Later today, I'm going to participate in a panel discussion on gender non-conformity. The host emailed me a few questions I should be prepared to answer, and I've decided to post my thoughts here.
1. How do you identify with regards to gender?
2. How did you come to that gender identity?
Have you always had the same gender identity or was it different when you were growing up? If so, when and why did it change?
4. What do you want people to know about how you would like to be treated?
5. What do you want people to know about gender identity?
I commonly name myself as genderqueer, sometimes gender fluid. For me, this means if someone were to look at me through the lens of our social norms, they would see someone who sometimes acts in ways which fulfill feminine gender roles, and sometimes acts in ways which fulfill masculine gender roles. Internally, though, I stay the same, which is basically of neutral gender. So, looking at me through the lens of social norms, I am gender fluid. I consider myself genderqueer because that label doesn't limit me to being any single gender, or even being agendered.
My sex is (obviously, if you could see me) female. I have made peace with my body, via some surgical alterations which are not obvious from the outside. In general, but not always (Really, who wouldn't want to be able to pee standing up?!), I have been happy with my body's external shape (Boobs are fun too!). "Making peace" with my body represents a compromise between my female physiology and my mind, which rebelled against much of that physiology mostly because the mechanics of being female are all so damned inconvenient.
I'll address clothing here, too, because it's true that I pass quite naturally and easily as a typical heteronormative straight woman. It doesn't hurt that my primary partner is cis-male, with very masculine features. But, that's beside the point. Clothing: I prefer clothing that fits my body. I don't care who else wears the same stuff. This means I wear mostly feminine clothing because that's what fits. These hips are not going to fit into my boyfriend's jeans. Just ain't happenin. Which is a little sad, because I love the look of men's jeans.

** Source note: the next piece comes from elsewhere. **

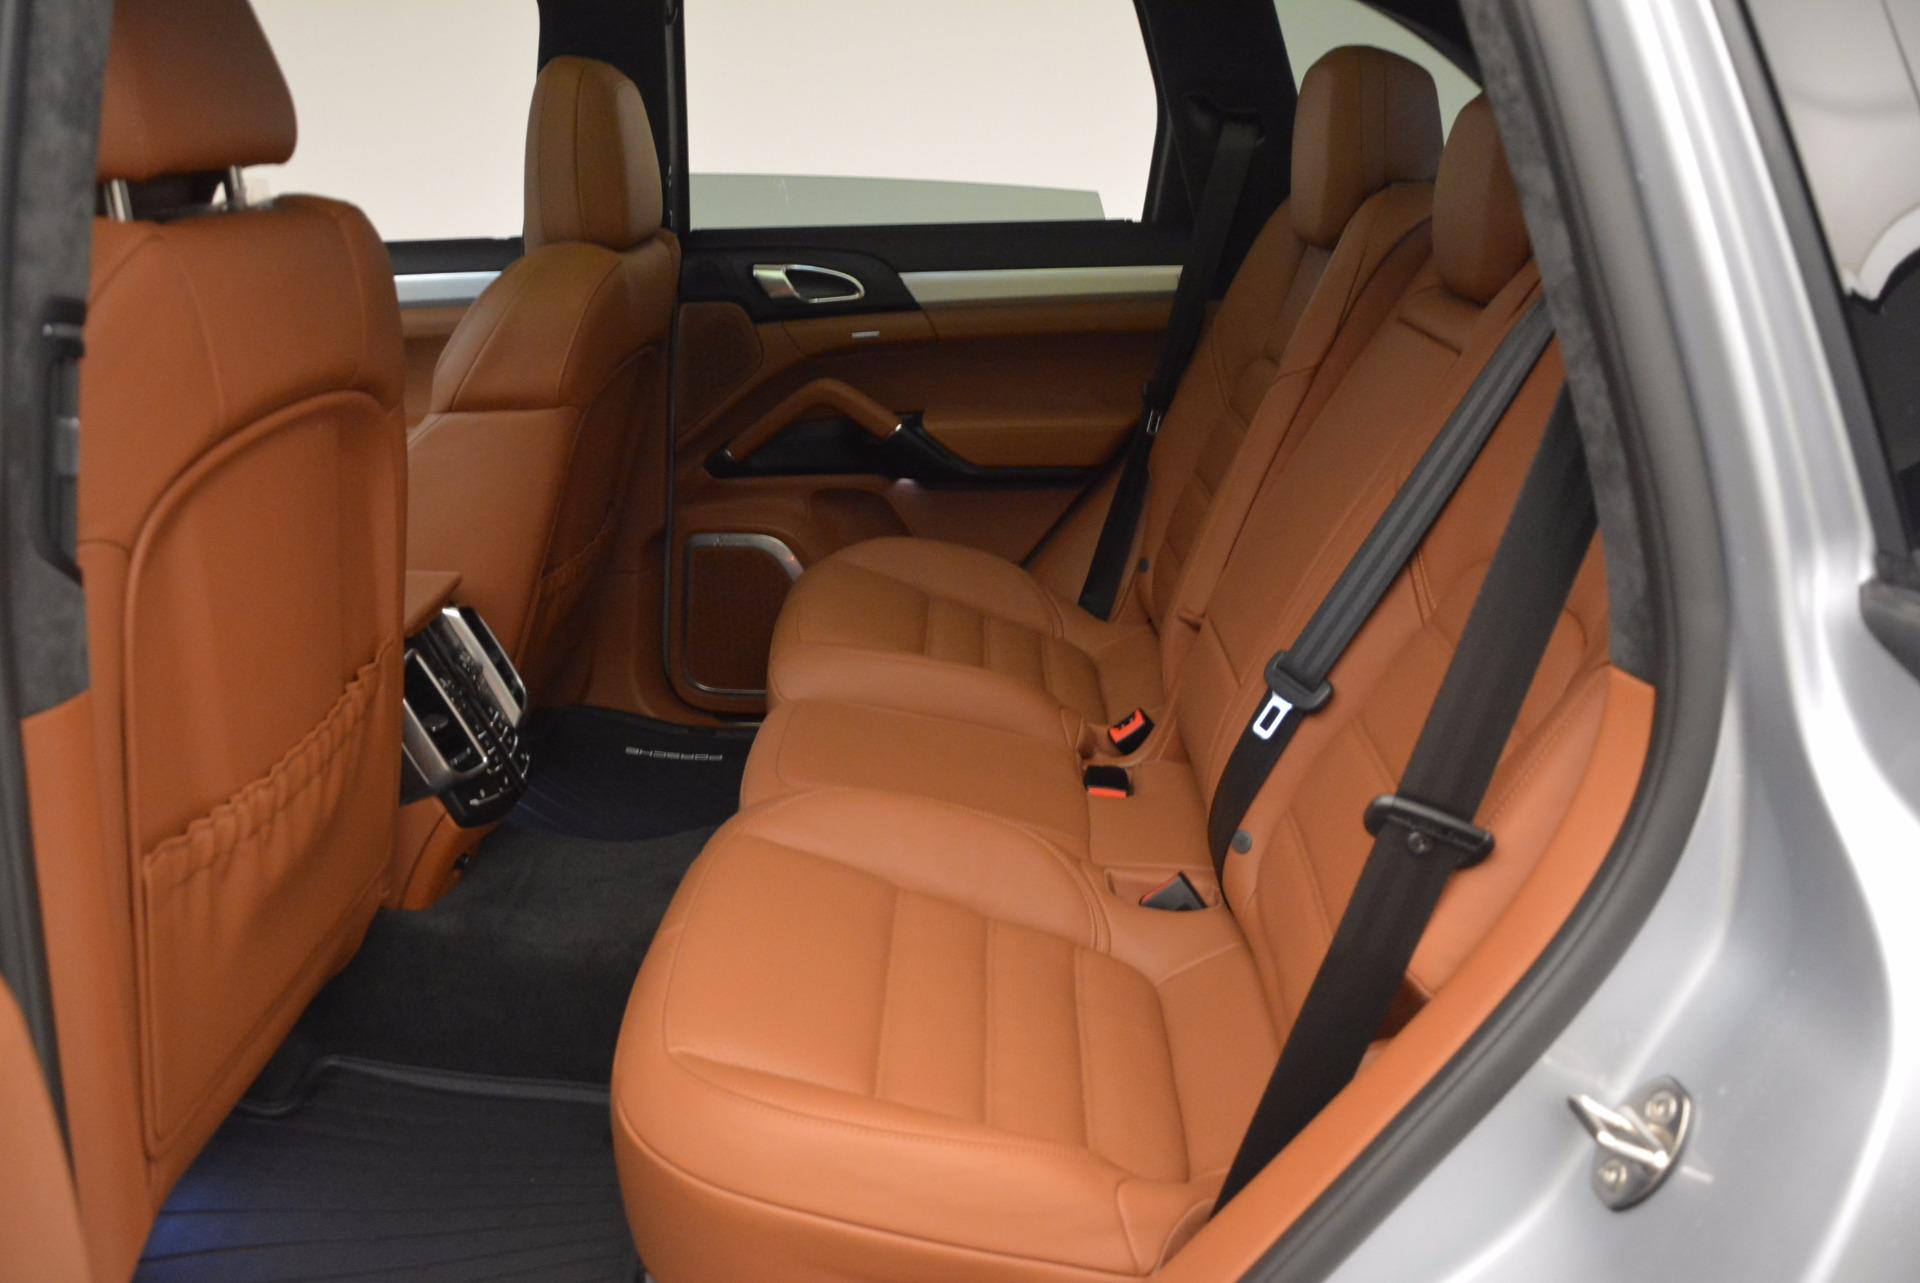 Used 2016 Porsche Cayenne Turbo For Sale In Greenwich, CT. Alfa Romeo of Greenwich, 7165 1000_p26
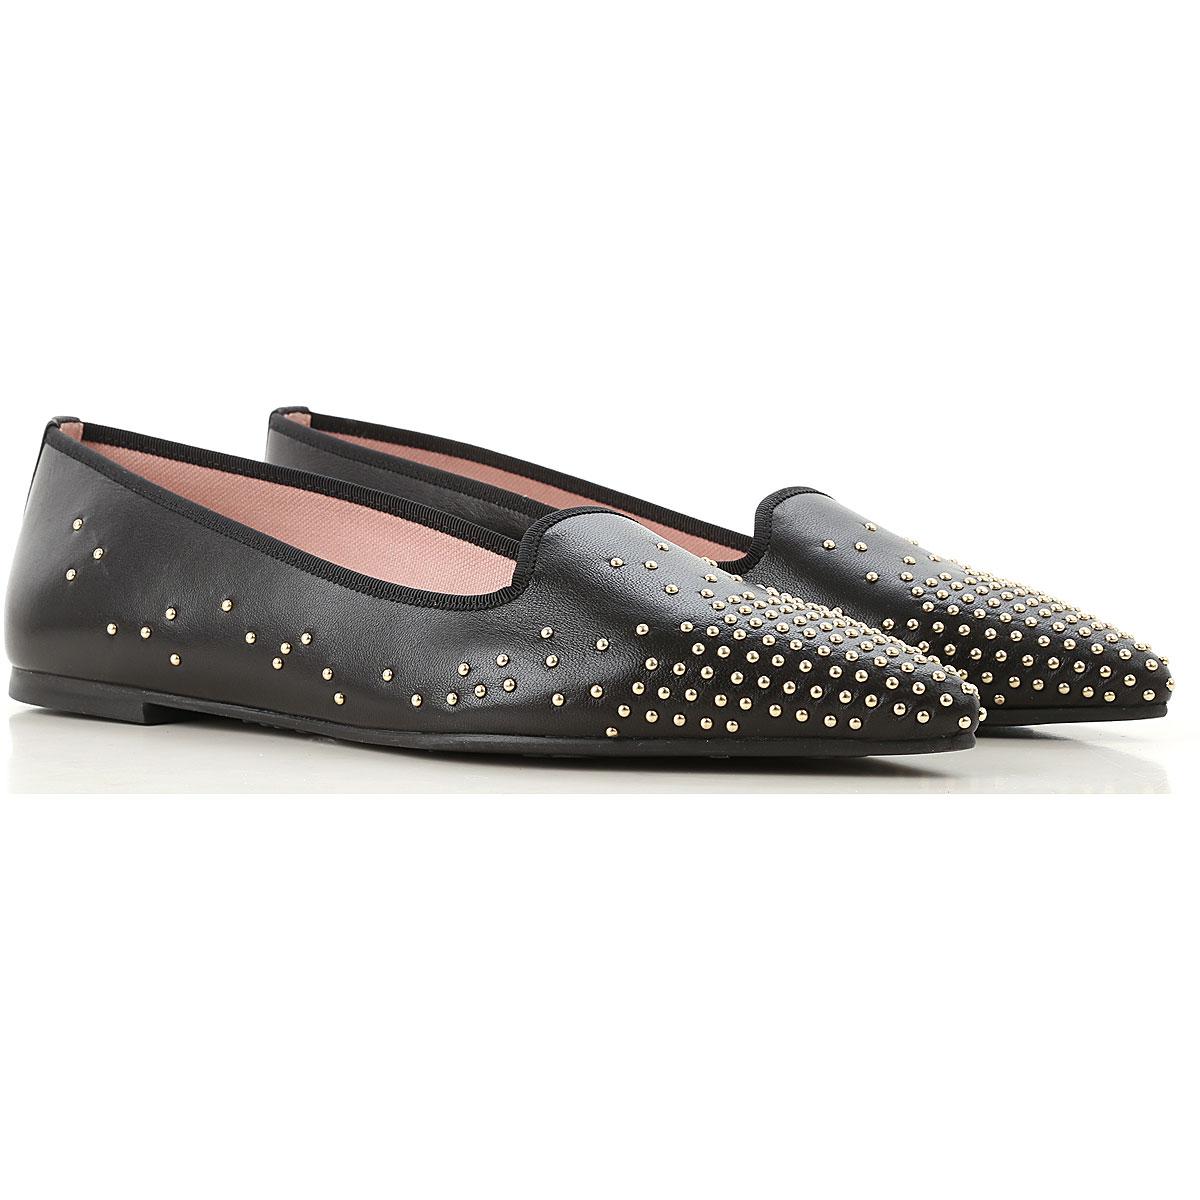 Image of Pretty Ballerinas Ballet Flats Ballerina Shoes for Women, Black, Leather, 2017, 6 7 8 9

I came to this identity in an unusually easy way. I didn't always consider myself genderqueer because I didn't always know there was such a thing. I thought I was just a strange girl who hated being a girl. That state of being didn't really bother me that much, though. Being a girl bothered me, but being bothered by being a girl did not. Does that make sense? I elaborated on this in a previous post, here. I had no dysphoria over my gender identity, I just did whatever I could to minimize the effects of my female physiology and went on with the rest of my life. So coming to this identity was merely a matter of discovering a word for that which I had always been.
Treat me as a human, because that's what I am. Be wary of assumptions. Don't tell me I can't out-rationalize you because I'm a girl - I probably will put you to shame. Don't tell me I should want to have more children because I'm a thirty-year-old woman with "only" one child - trust me, my child is deeply loved, but was not planned. I have zero maternal instinct. Raising my child properly is the greatest challenge of my life.
Gender identity is intensely personal, and completely nonpolarized. Very few people actually fit fully into either the "girl" or the "boy" box; most people do things that are "supposed" to be done by people who fulfill the "other" gender role. The human species does very little in a binary way; we represent an entire spectrum, with the majority of us falling somewhere in the middle, whether we realize it or not. Don't worry about what people call you - just be who you want to be. The path to happiness is in authenticity, not living out someone else's expectations.